Language Syntax

This chapter defines the basic syntax of the Stan modeling language using a Backus-Naur form (BNF) grammar plus extra-grammatical constraints on function typing and operator precedence and associativity.

BNF grammars

Syntactic conventions

In the following BNF grammars, tokens are represented in ALLCAPS. Grammar non-terminals are surrounded by < and >. A square brackets ([A]) indicates optionality of A. A postfixed Kleene star (A*) indicates zero or more occurrences of A. Parenthesis can be used to group symbols together in productions.

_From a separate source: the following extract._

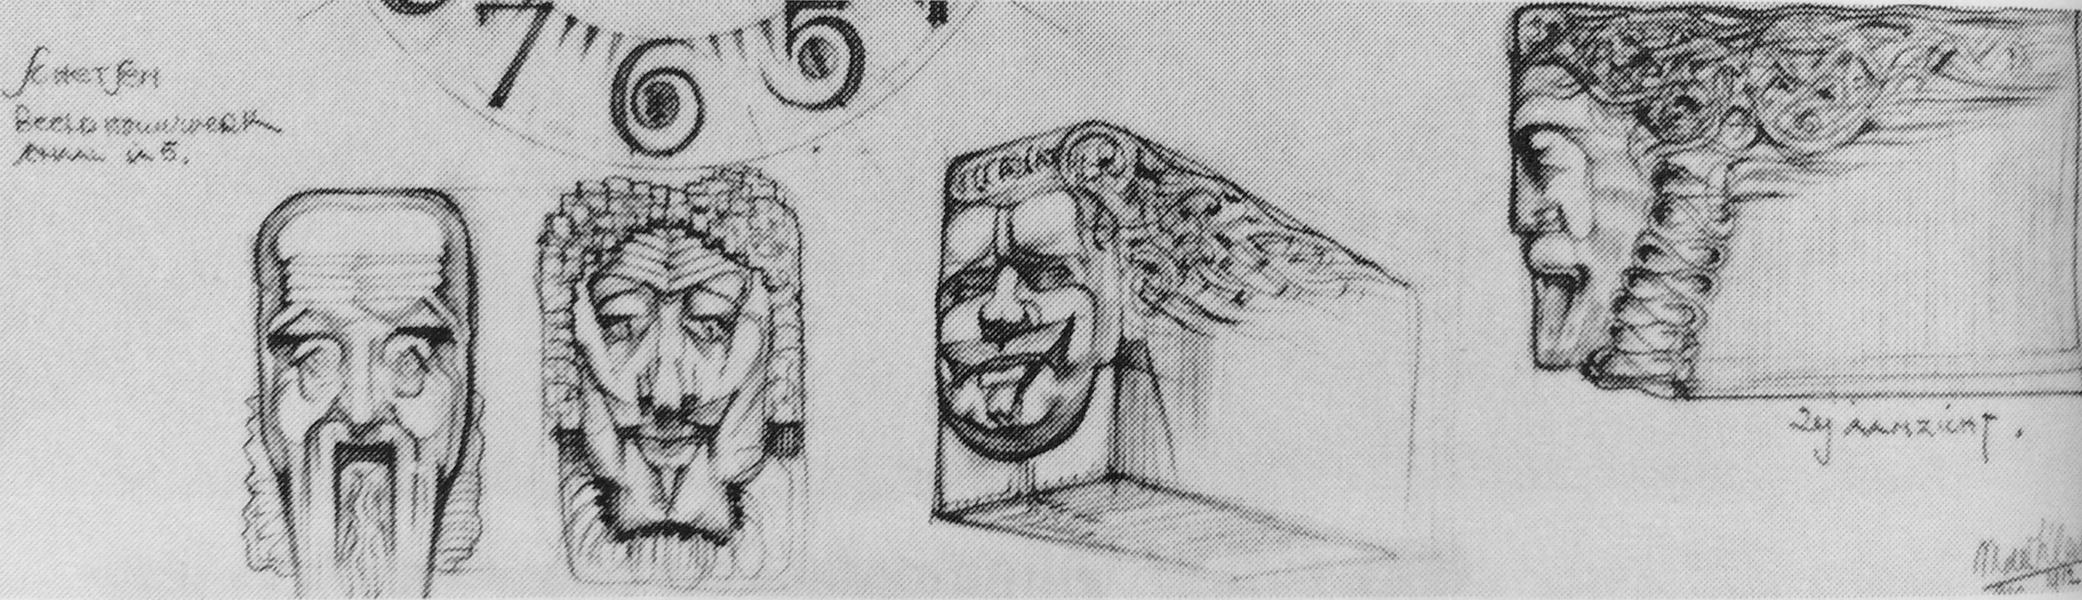 michel de klerk - potloodschets voorbeeld consolekoppen - foto: van der mey en het scheepvaarthuis 1989

Finally, this grammar uses the concept of “parameterized nonterminals” as used in the parsing library Menhir. A rule like <list(x)> ::= x (COMMA x)* declares a generic list rule, which can later be applied to others by the symbol <list(<expression>)>.

The following representation is constructed directly from the OCaml reference parser using a tool called Obelisk. The raw output is available here.

Programs

<program> ::= [<function_block>] [<data_block>] [<transformed_data_block>]
              [<parameters_block>] [<transformed_parameters_block>]
              [<model_block>] [<generated_quantities_block>] EOF

<functions_only> ::= <function_def>* EOF

<function_block> ::= FUNCTIONBLOCK LBRACE <function_def>* RBRACE

<data_block> ::= DATABLOCK LBRACE <top_var_decl_no_assign>* RBRACE

<transformed_data_block> ::= TRANSFORMEDDATABLOCK LBRACE
                             <top_vardecl_or_statement>* RBRACE

<parameters_block> ::= PARAMETERSBLOCK LBRACE <top_var_decl_no_assign>*
                       RBRACE

<transformed_parameters_block> ::= TRANSFORMEDPARAMETERSBLOCK LBRACE
                                   <top_vardecl_or_statement>* RBRACE

<model_block> ::= MODELBLOCK LBRACE <vardecl_or_statement>* RBRACE

<generated_quantities_block> ::= GENERATEDQUANTITIESBLOCK LBRACE
                                 <top_vardecl_or_statement>* RBRACE

Function declarations and definitions

<function_def> ::= <return_type> <decl_identifier> LPAREN [<arg_decl> (COMMA
                   <arg_decl>)*] RPAREN <statement>

<return_type> ::= VOID
                | <unsized_type>

<arg_decl> ::= [DATABLOCK] <unsized_type> <decl_identifier>

<unsized_type> ::= ARRAY <unsized_dims> <basic_type>
                 | ARRAY <unsized_dims> <unsized_tuple_type>
                 | <basic_type>
                 | <unsized_tuple_type>

<unsized_tuple_type> ::= TUPLE LPAREN <unsized_type> COMMA <unsized_type>
                         (COMMA <unsized_type>)* RPAREN

<basic_type> ::= INT
               | REAL
               | COMPLEX
               | VECTOR
               | ROWVECTOR
               | MATRIX
               | COMPLEXVECTOR
               | COMPLEXROWVECTOR
               | COMPLEXMATRIX

<unsized_dims> ::= LBRACK COMMA* RBRACK

Variable declarations and compound definitions

<identifier> ::= IDENTIFIER
               | TRUNCATE

<decl_identifier> ::= <identifier>

<no_assign> ::= UNREACHABLE

<optional_assignment(rhs)> ::= [ASSIGN rhs]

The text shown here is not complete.